## EXERCISE GOAL
When the string "people" appears in a line of the records, show the whole line.

## MATERIALS PROVIDED
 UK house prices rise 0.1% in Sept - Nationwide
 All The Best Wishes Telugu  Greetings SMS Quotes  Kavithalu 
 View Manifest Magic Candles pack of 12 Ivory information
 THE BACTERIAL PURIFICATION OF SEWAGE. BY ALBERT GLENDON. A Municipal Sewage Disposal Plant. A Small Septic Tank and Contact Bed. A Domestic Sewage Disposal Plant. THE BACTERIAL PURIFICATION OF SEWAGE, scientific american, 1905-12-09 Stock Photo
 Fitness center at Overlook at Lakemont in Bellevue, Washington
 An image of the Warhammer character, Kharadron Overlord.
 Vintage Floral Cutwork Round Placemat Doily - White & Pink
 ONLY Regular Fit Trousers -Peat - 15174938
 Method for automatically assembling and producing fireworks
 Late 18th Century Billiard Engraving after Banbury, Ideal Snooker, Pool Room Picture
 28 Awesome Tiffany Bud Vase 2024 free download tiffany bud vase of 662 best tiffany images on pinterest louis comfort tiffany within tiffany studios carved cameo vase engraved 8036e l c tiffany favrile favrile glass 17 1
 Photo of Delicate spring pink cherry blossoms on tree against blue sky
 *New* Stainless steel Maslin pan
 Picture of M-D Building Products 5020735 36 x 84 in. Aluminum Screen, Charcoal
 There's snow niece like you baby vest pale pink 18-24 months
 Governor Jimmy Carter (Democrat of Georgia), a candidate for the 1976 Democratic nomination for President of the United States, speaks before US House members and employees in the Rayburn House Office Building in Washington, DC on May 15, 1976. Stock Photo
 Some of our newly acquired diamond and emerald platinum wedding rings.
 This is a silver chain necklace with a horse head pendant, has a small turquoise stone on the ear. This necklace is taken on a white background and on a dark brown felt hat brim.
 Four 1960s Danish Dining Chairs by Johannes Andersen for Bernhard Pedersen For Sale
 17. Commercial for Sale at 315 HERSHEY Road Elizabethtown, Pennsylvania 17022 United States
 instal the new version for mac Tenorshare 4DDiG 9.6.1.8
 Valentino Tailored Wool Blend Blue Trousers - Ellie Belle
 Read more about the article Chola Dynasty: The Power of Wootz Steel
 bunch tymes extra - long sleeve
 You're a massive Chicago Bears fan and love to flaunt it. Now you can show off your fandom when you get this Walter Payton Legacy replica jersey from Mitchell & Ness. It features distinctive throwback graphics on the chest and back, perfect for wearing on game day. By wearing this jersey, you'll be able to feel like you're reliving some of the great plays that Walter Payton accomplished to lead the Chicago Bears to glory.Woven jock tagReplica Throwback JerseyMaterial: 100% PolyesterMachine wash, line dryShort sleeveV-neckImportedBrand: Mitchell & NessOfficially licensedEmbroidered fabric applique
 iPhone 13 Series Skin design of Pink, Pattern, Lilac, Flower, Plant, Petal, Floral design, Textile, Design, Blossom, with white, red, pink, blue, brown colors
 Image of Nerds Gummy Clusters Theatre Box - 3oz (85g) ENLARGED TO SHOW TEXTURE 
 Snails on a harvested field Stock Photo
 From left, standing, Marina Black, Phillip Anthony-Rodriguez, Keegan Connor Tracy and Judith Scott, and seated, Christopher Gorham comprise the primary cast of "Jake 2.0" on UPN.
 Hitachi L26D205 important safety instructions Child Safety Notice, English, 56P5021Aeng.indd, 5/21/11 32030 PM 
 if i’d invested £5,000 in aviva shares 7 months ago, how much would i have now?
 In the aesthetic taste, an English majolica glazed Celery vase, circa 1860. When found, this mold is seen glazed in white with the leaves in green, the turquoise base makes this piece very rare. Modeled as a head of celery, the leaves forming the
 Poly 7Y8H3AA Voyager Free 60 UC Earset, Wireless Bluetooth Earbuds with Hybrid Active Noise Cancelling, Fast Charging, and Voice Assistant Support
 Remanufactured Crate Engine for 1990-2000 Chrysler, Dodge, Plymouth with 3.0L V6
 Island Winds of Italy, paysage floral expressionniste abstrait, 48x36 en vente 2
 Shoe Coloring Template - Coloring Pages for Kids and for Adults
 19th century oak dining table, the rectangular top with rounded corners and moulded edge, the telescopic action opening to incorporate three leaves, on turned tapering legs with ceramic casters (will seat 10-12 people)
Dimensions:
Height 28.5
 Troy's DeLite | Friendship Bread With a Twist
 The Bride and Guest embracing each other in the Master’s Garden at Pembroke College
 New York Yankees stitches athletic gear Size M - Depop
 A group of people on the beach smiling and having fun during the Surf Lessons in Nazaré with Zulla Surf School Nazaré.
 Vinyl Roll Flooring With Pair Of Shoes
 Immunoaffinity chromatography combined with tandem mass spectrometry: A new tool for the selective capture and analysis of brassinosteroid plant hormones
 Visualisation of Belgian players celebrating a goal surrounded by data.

## RESPONSE BOX
 19th century oak dining table, the rectangular top with rounded corners and moulded edge, the telescopic action opening to incorporate three leaves, on turned tapering legs with ceramic casters (will seat 10-12 people)
 A group of people on the beach smiling and having fun during the Surf Lessons in Nazaré with Zulla Surf School Nazaré.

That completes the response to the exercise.